What is expected »
Quote all lines below exactly. Images stay out.

Data to process »
+ + + + +

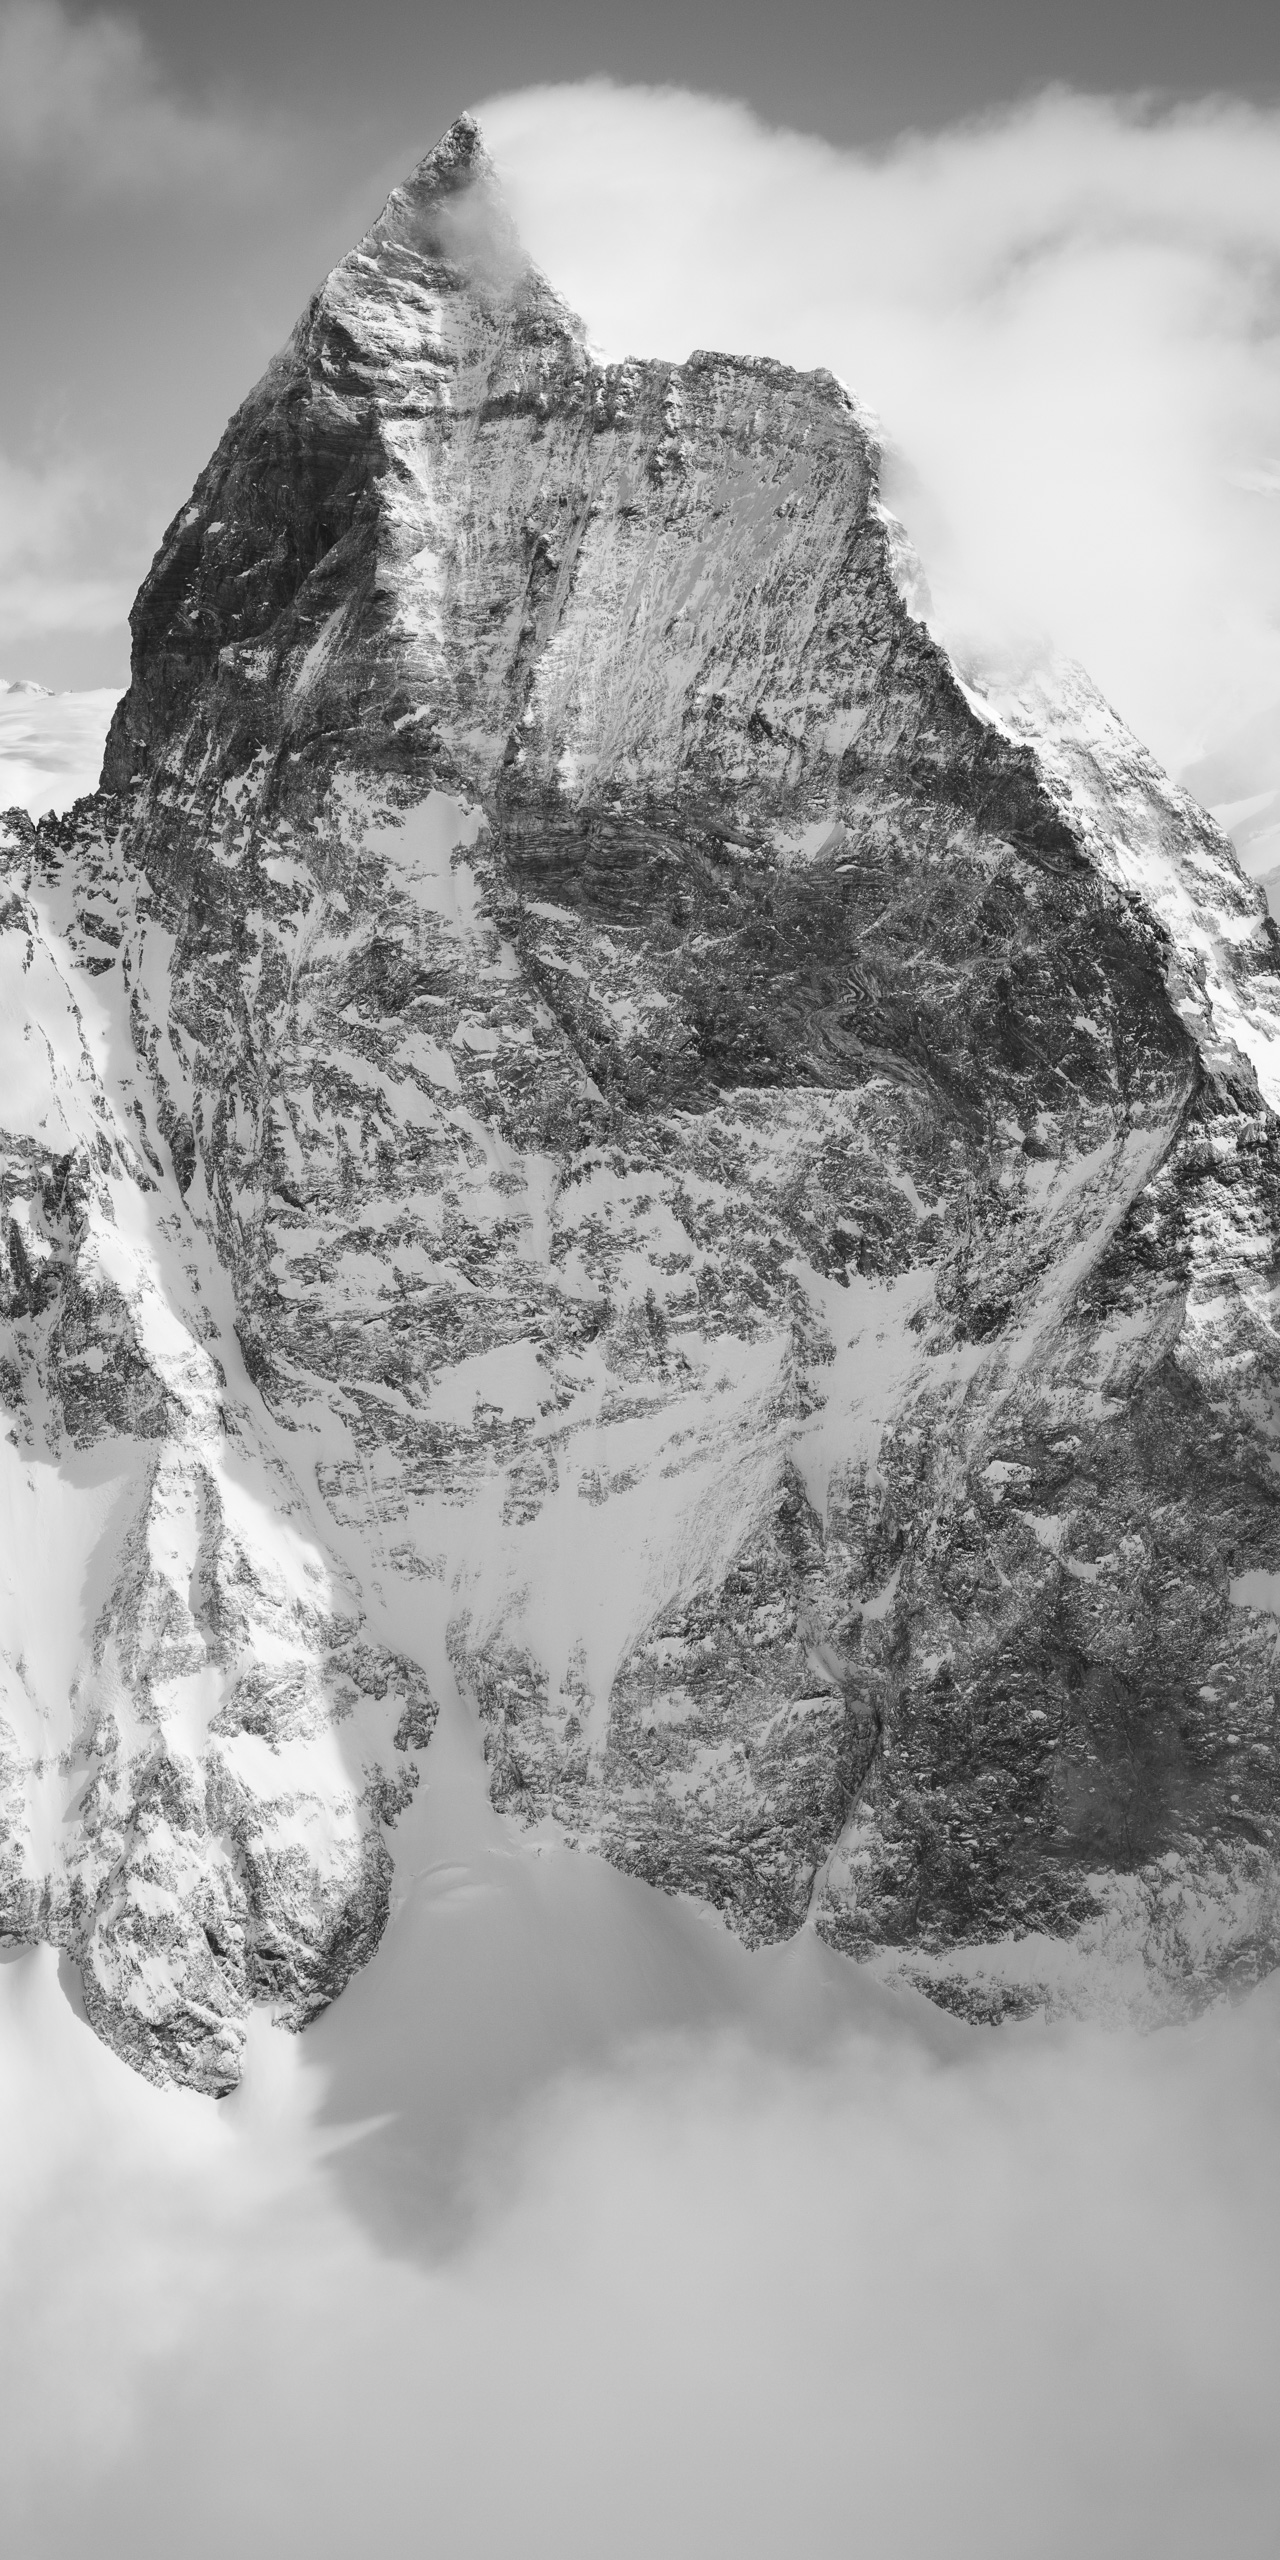 Matterhorn - Poster panoramique de montagne en noir et blanc - Massif montagneux suisse
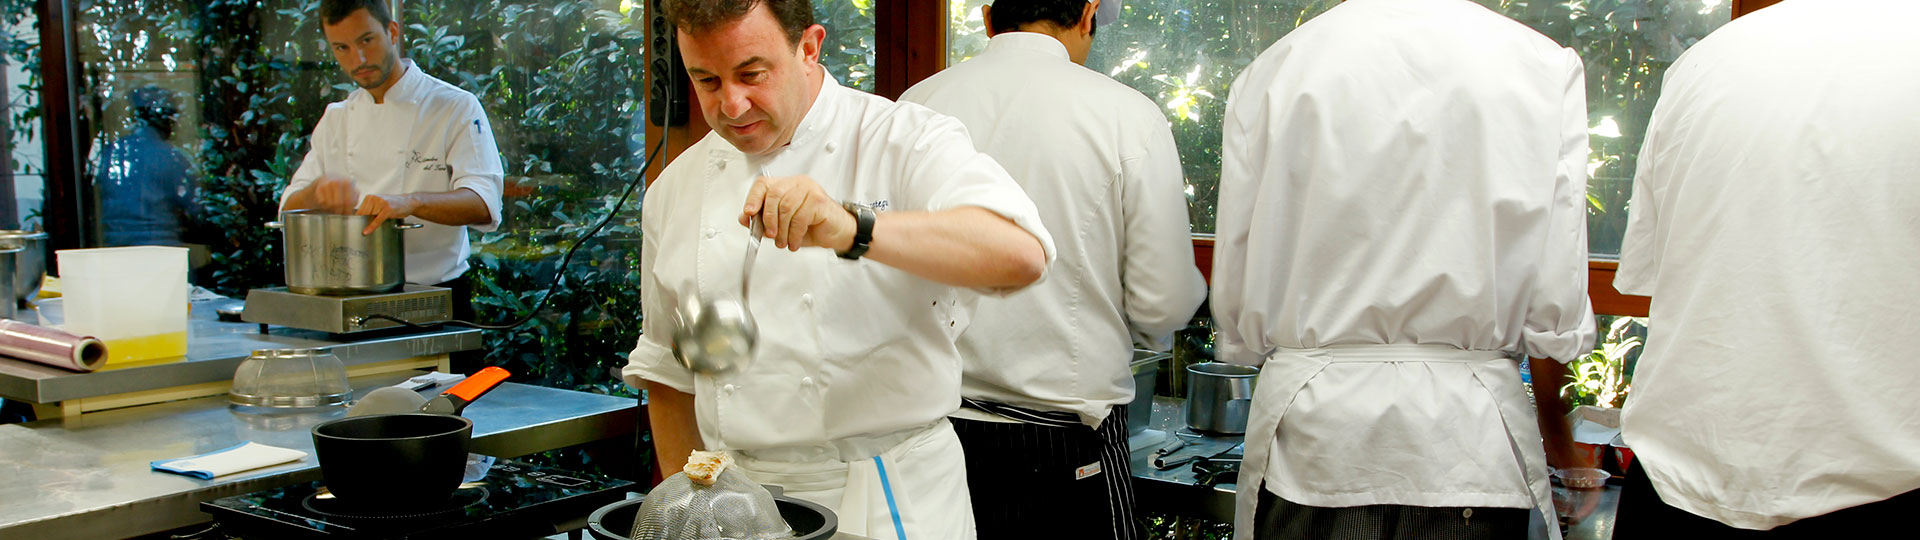 Le chef espagnol Martín Berasategui en train de cuisiner
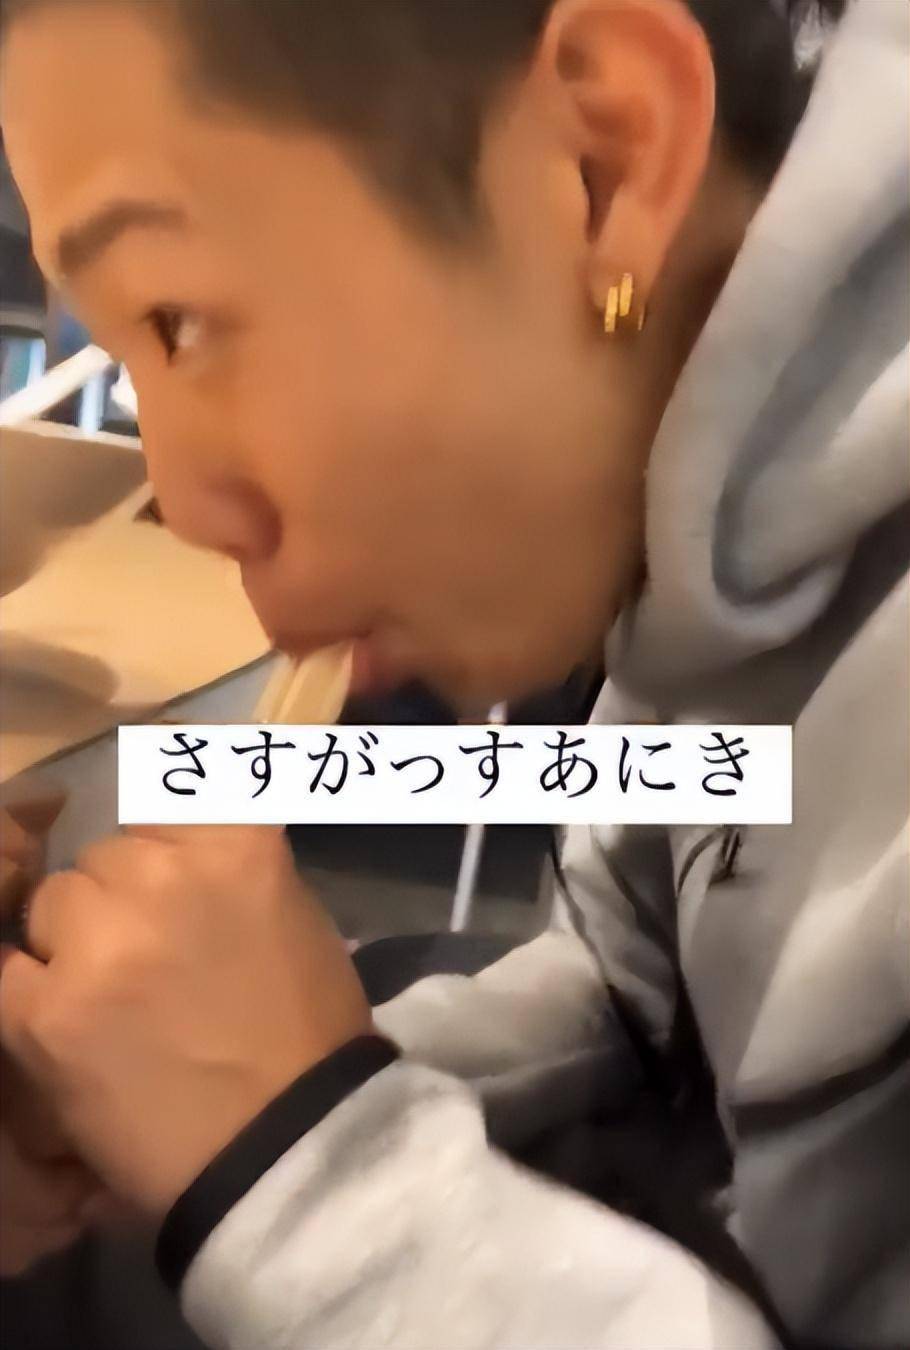 华为手机是什么启动器
:日本男子在拉面店抓起筷子舔后放回 投毒？
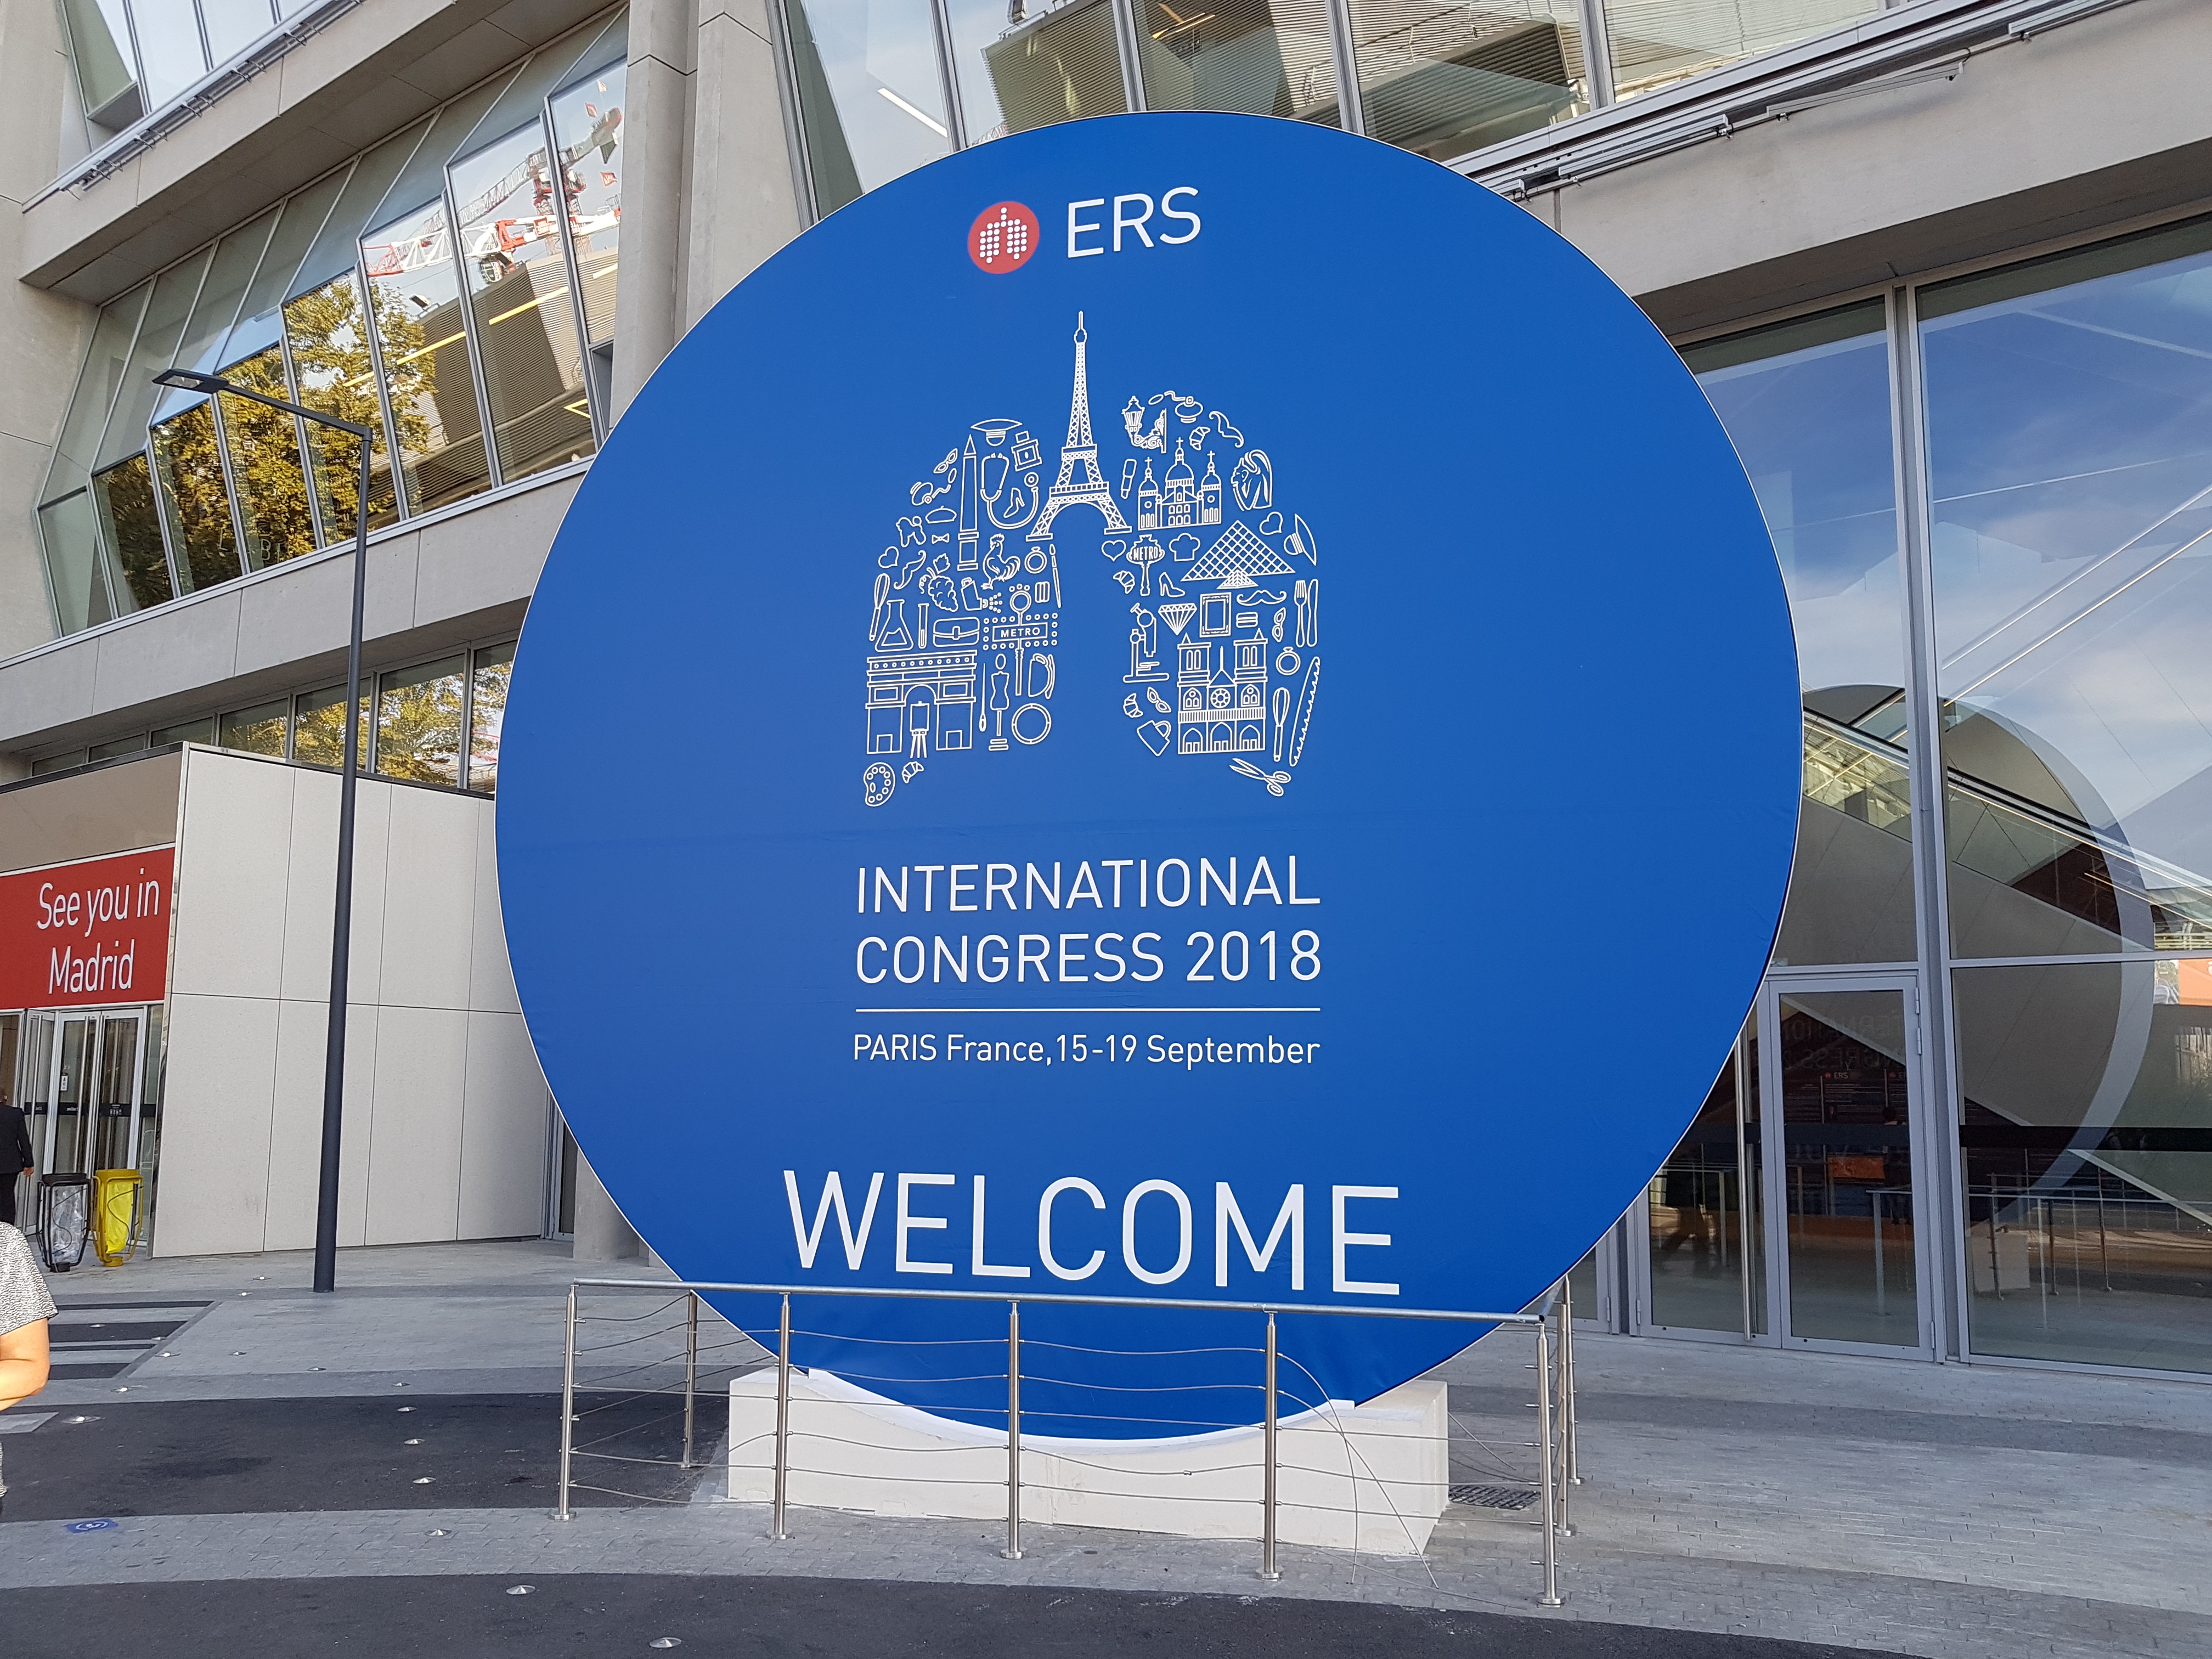 ERS Congres 2018 in Parijs

+ + + + +

Answer section »
 Matterhorn - Poster panoramique de montagne en noir et blanc - Massif montagneux suisse
 Le chef espagnol Martín Berasategui en train de cuisiner
 华为手机是什么启动器
:日本男子在拉面店抓起筷子舔后放回 投毒？
 ERS Congres 2018 in Parijs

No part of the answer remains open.